If American Wolf were only a detailed study of wolves in the wild, it would rather quickly grow old. But Blakeslee is after a bigger story. Intrinsic to the O-Six saga are the wolf-watchers and scientists charged with monitoring the reintroduction of wolves. Among them is Rick McIntyre, who came to be known as "the wolf guy." A loner, McIntyre spent his time with a high-powered scope looking at wolves and recording their activities. He knew them both by sight and by the official number of their radio collars. He knew when females went to den to deliver a new litter, when alphas were killed by other packs, when a calf was culled from a herd of elk for food. He wrote five million words in his field journals and didn't miss a day in the mountains for 10 years--a "Cal Ripken of wolf-watchers." From McIntyre's journals and interviews, Blakeslee gets the hard habitat details of O-Six's life.

The end for O-Six came with the federal government's 2012 decision to take wolves off the endangered species list in the states neighboring Yellowstone. Near the small Wyoming town of Crandall, lifelong hunter Steven Turnbull was in the Absaroka mountains when O-Six appeared in his gun sight. His kill shot made the New York Times under the headline: "Famous Wolf Is Killed Outside Yellowstone." Turnbull (a pseudonym) became a pariah in the conservationist world.
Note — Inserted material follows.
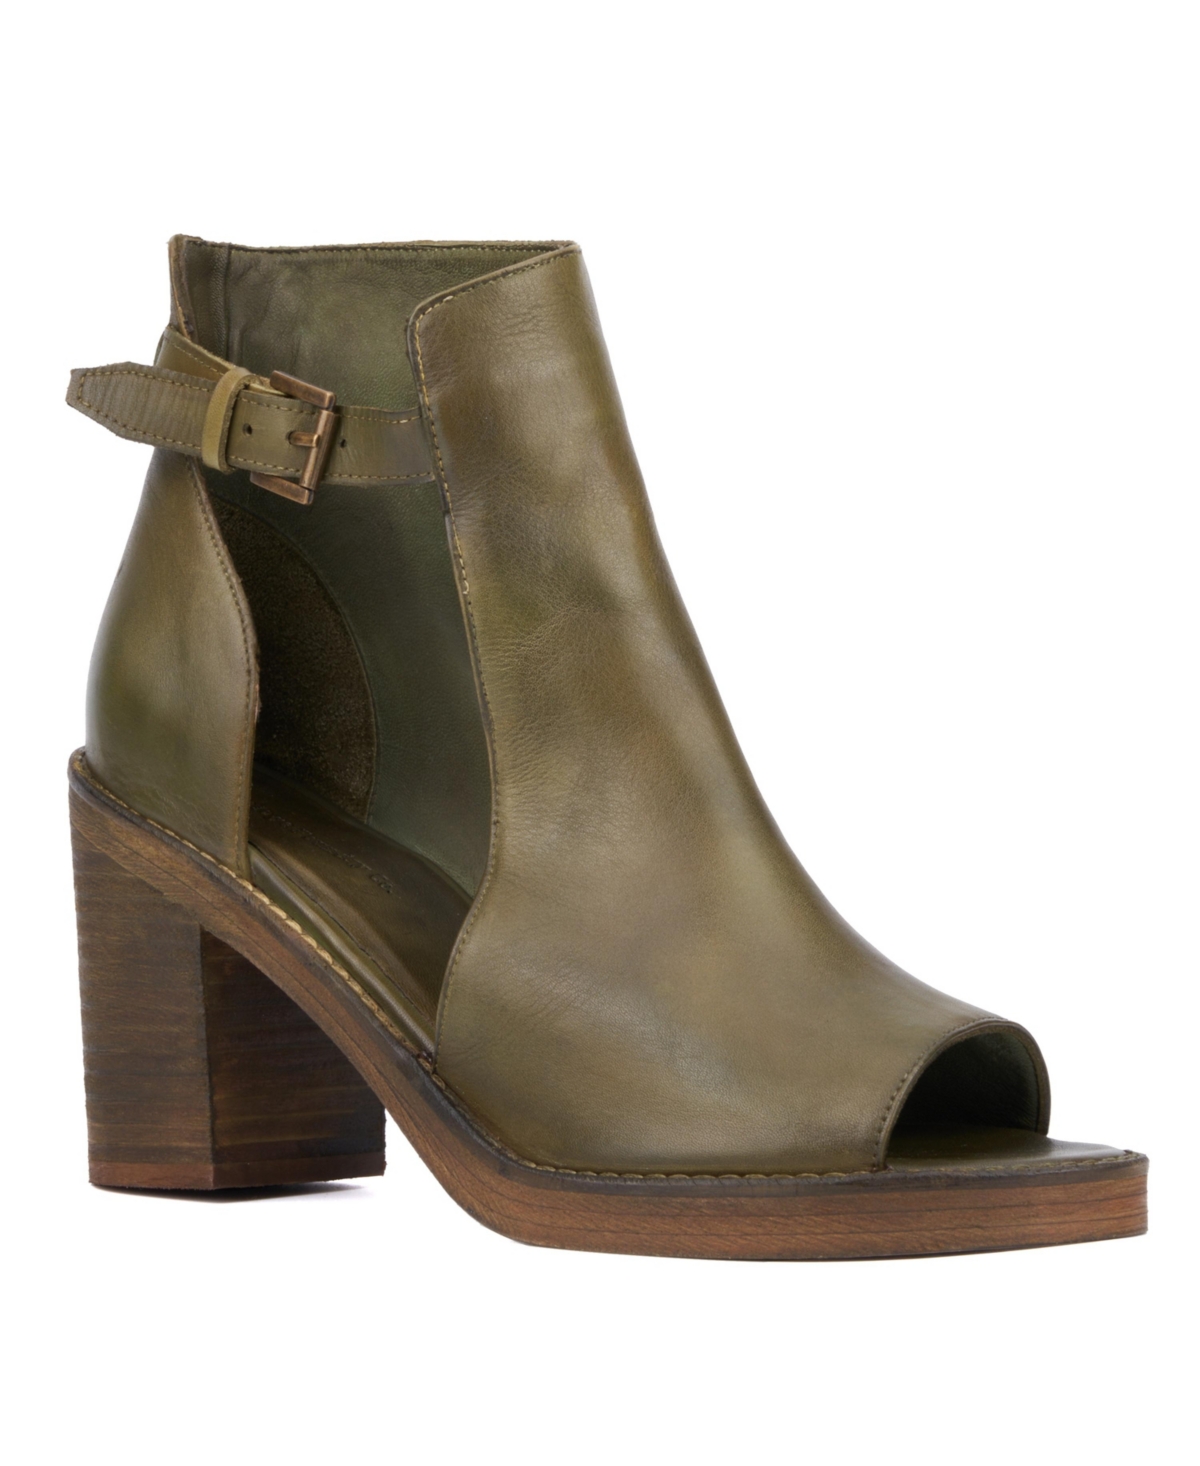 Vintage Foundry Co Women's Laverne Heel Sandal - Olive

As he later told Blakeslee, "She didn't tell me she was famous before I shot her." American Wolf is the story of an extraordinary wolf and those absorbed with her storied life. --Bruce Jacobs, founding partner, Watermark Books & Cafe, Wichita, Kan.

Shelf Talker: Journalist Nate Blakeslee explores the lineage, habitat and behavior of Yellowstone National Park's most famous wolf and the people with a personal and professional stake in wolf management.